I just don't know where really December's going to fall out.
But if I look at our margins probably for fourth quarter, they will come down off the third quarter.
They won't be, at least my expectations in the 20s, okay?
They'll probably be maybe 22 or so, Steve, is the way I think of it.
- Analyst
Okay, so you're basically, you know if there's normal seasonality there's upside to the range is what you're saying?
- SVP & CFO
I would say probably is, Steve.
- Chairman, President & CEO
What it will also do, Steve, thats the other thing we're trying to keep some flexibility open here is depending on how the fourth quarter goes and how the Christmas season goes.
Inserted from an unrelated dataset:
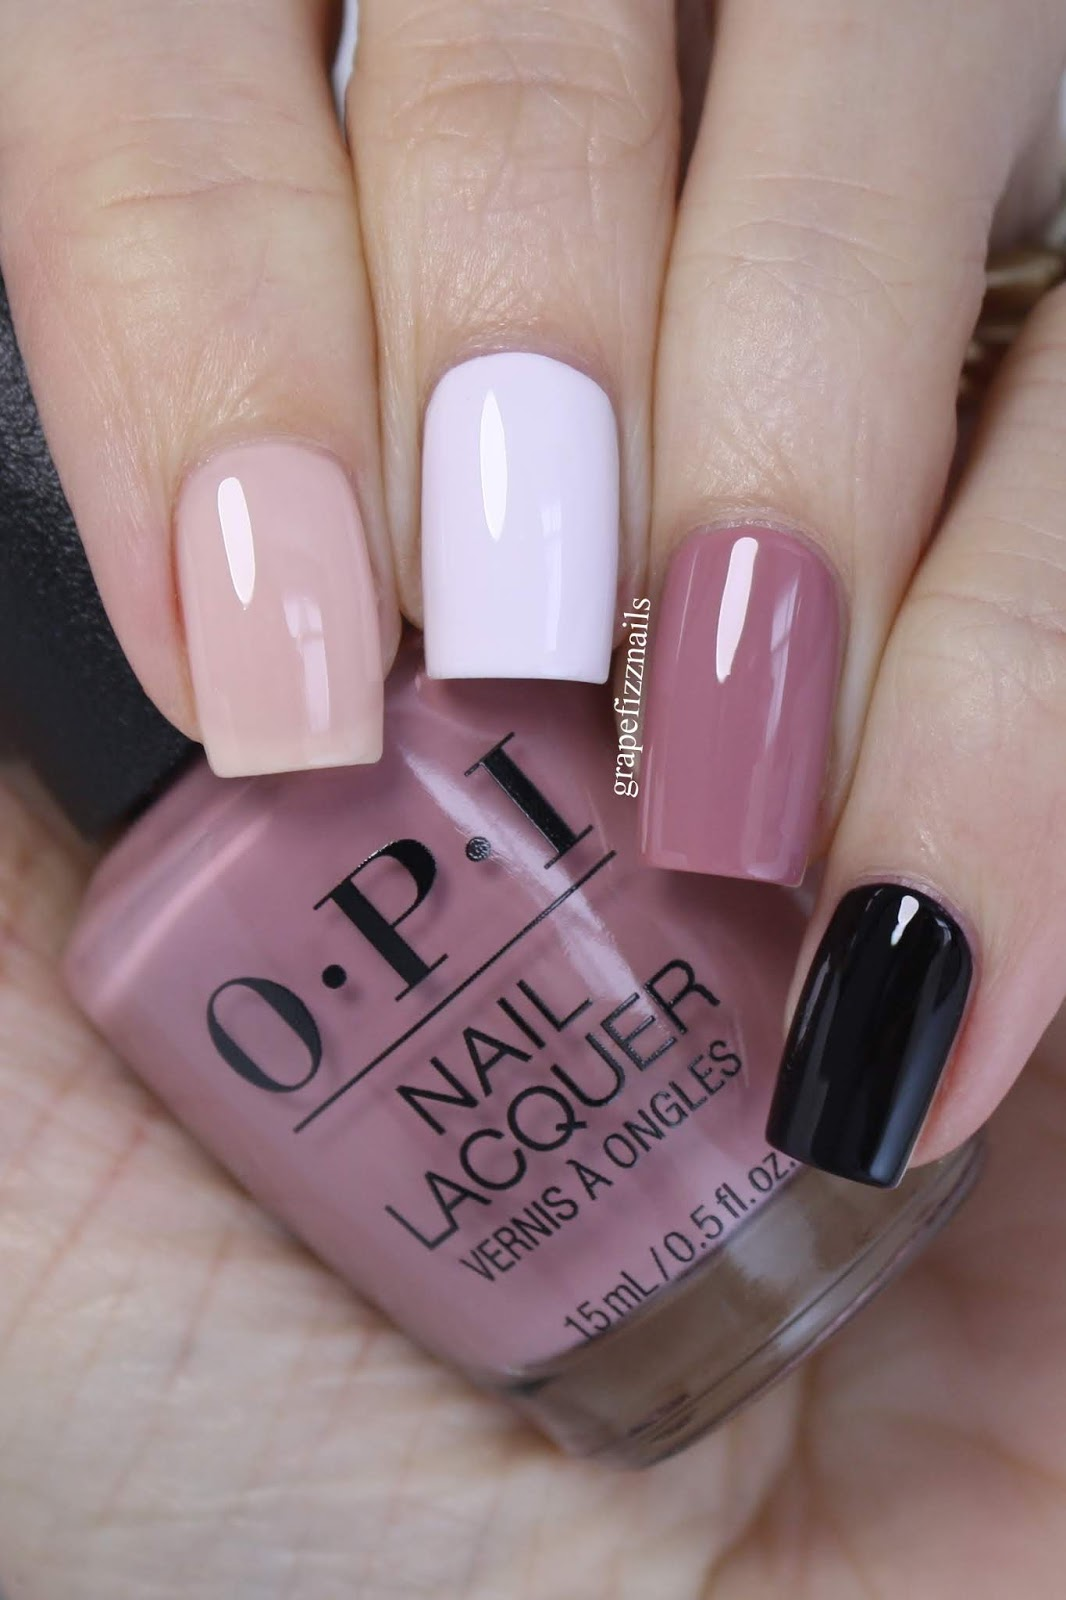 Grape Fizz Nails: New OPI DS Tourmaline   Nail polish

Doing it the way that Pat has suggested it has -- will allow to us have a little bit of money in the back pocket to drive so, increase that merger if you saw (inaudible) on some other R&D programs.
It looks like we might be able to pull ahead.
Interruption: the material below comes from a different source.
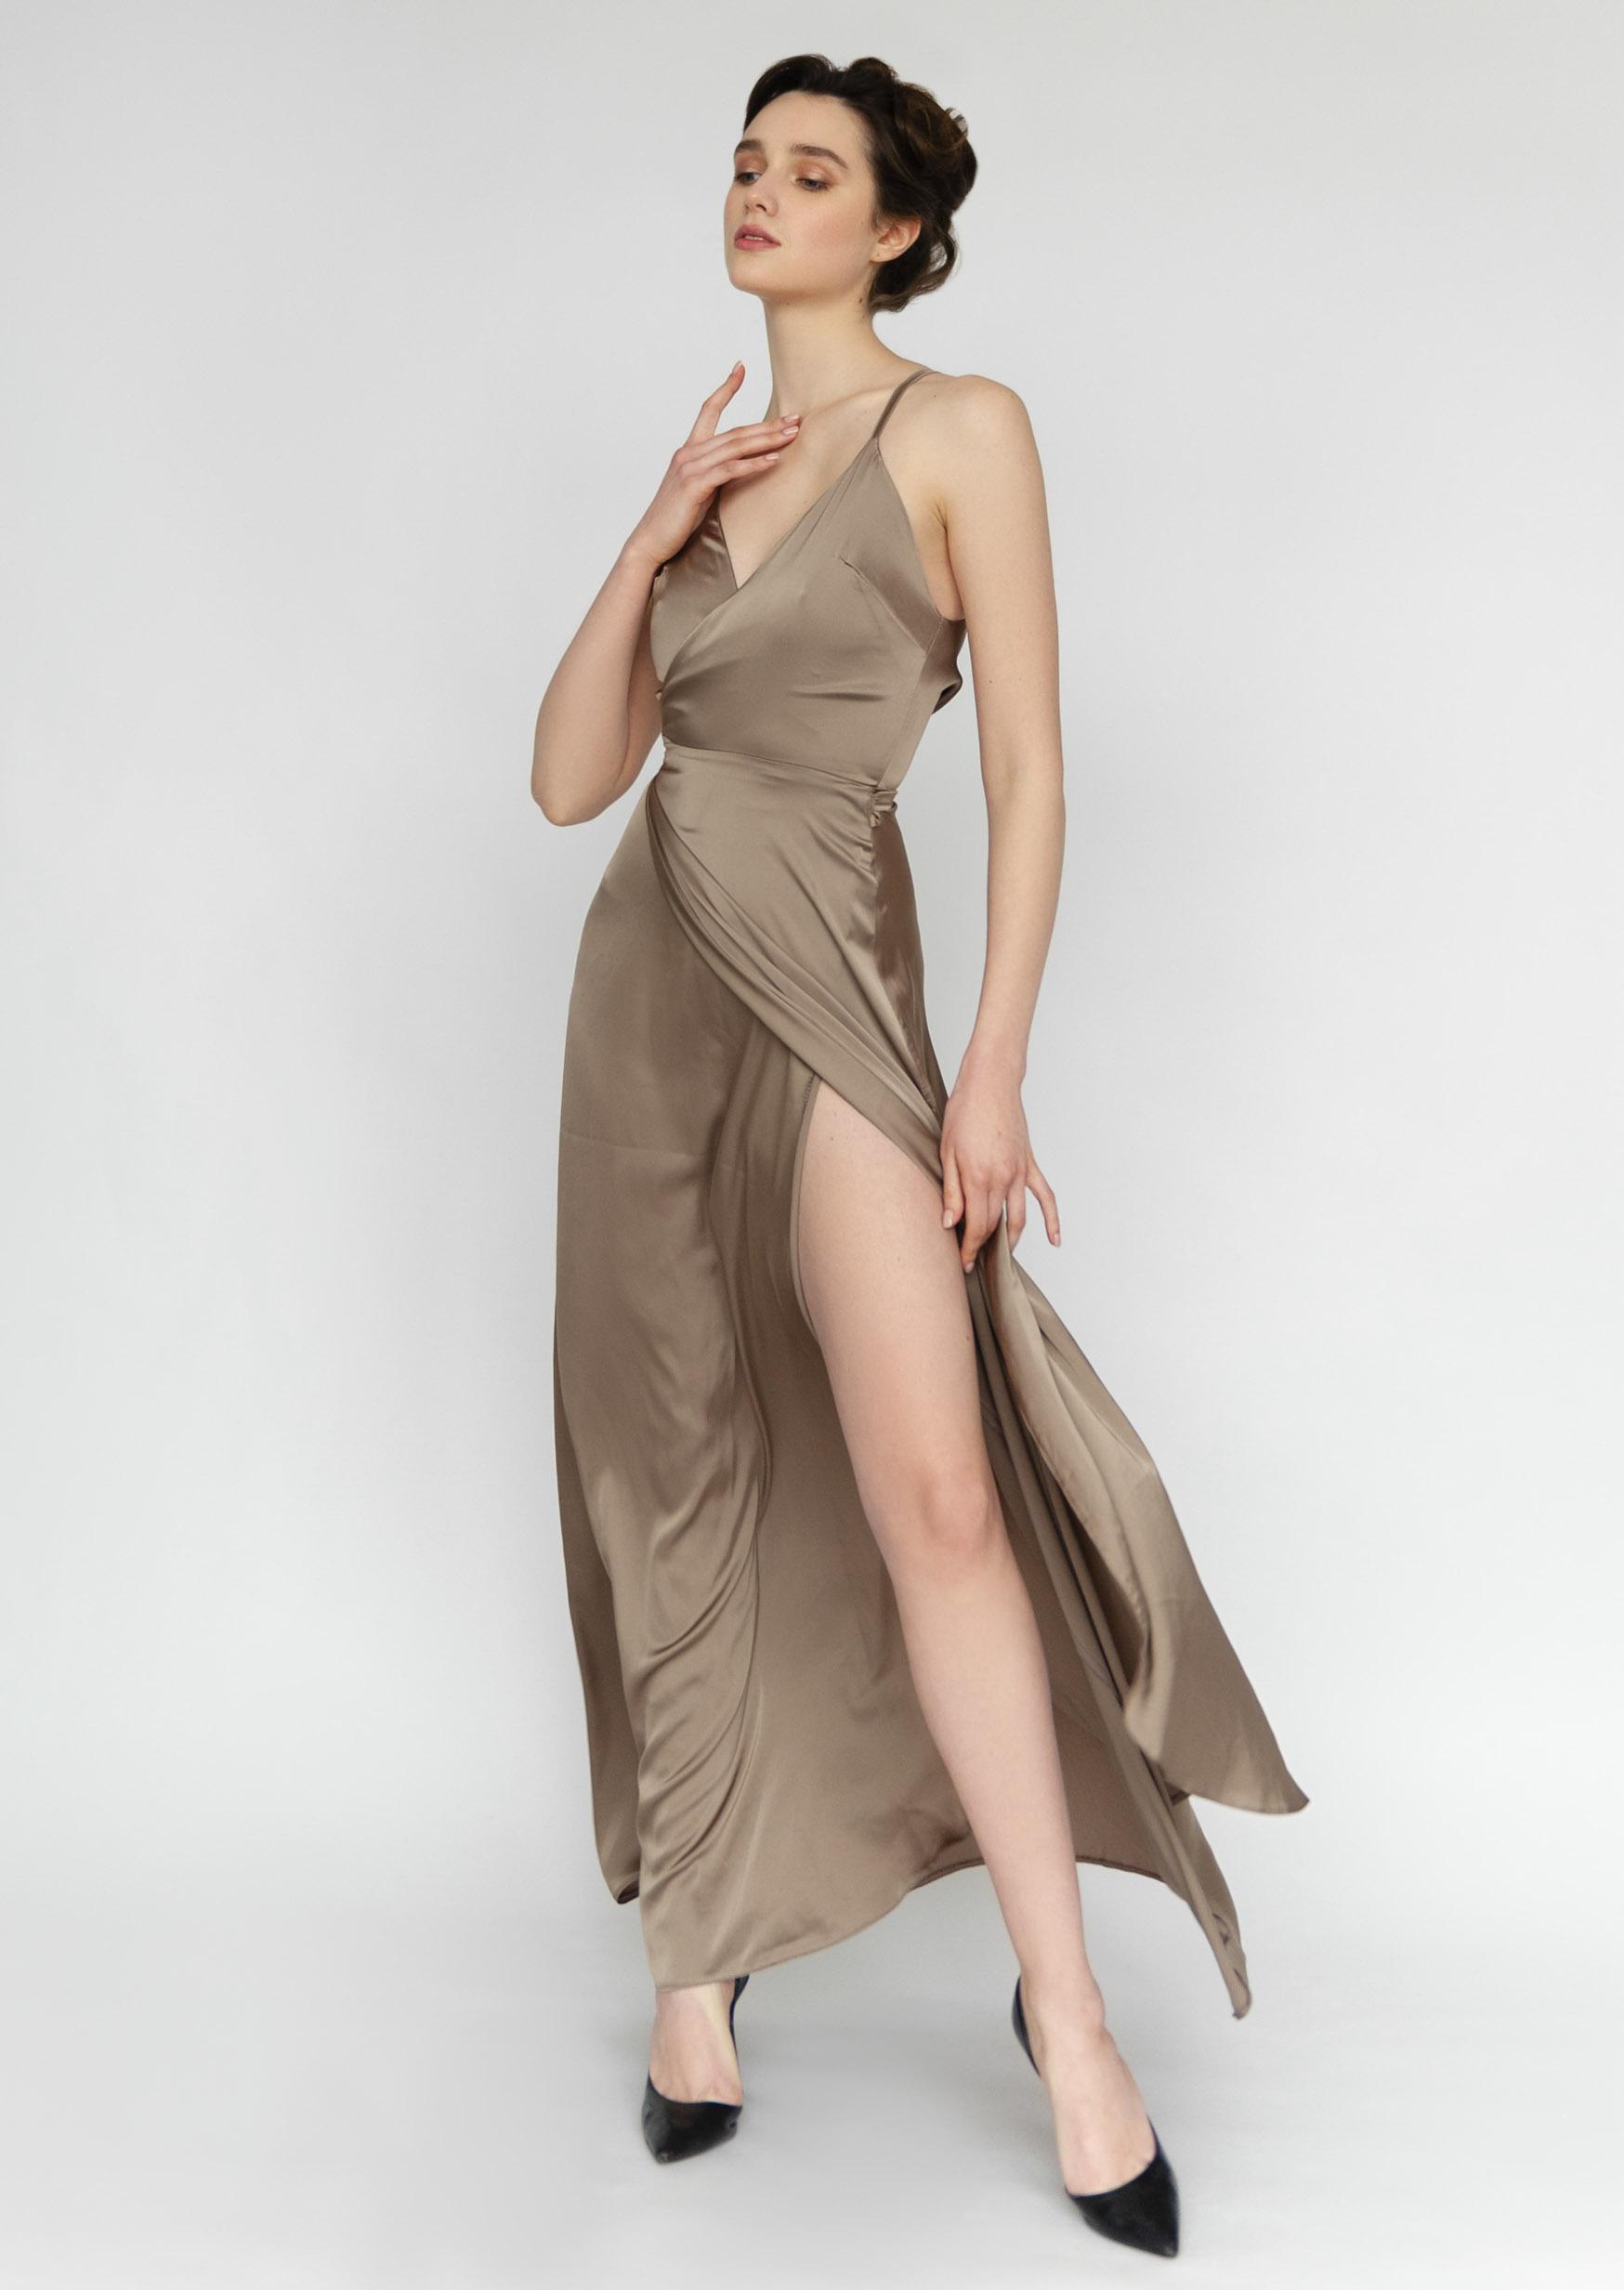 Sunset sky dress long asymetrical silk slip dress

So, it'll give us that flexibility if we so wish based within the numbers that we've told you.
- Analyst
And then, you know, just a question for the H1N1 stuff.
Is there any way to give us what a bottom line impact is?
I mean, how far?
And if you're not comfortable doing that, I mean, are these above or below average margins?
- SVP & CFO
Steve, I think of it from a modeling standpoint, just put them in at average incremental margins, okay?
Because -- and I'm thinking it really -- you almost look at it -- have to think of it more from a gross margin perspective, Steve.
There's not much infrastructure costs.
At least SG&A costs or R&D costs were required to sell these additional mass.
So, it's more of an incremental gross margin business.
But, to some degree, some of the tenders are very, very competitive, okay so to some degree, you have to discount a little off of that.
So, if you were to kind of bracket it someplace between a normal operating margin and a gross margin would be kind of a decent way to think of it.
- Analyst
That's a good range.
Thank you.
- SVP & CFO
Thanks a lot Steve.
Operator
That concludes the question and answer portion of our conference.
At this time, we will turn the call back over to 3M for some closing remarks.
- Chairman, President & CEO
Well, thank you very much, everyone.
We appreciate very much the time that you spent with us, especially in these busy times.
So, thank you very much.
And we look forward to seeing you and talking to you in the beginning of December.
Thanks a lot, everyone.
Operator
Ladies and gentlemen, that does conclude your conference for today.
You may all disconnect and thank you for participating.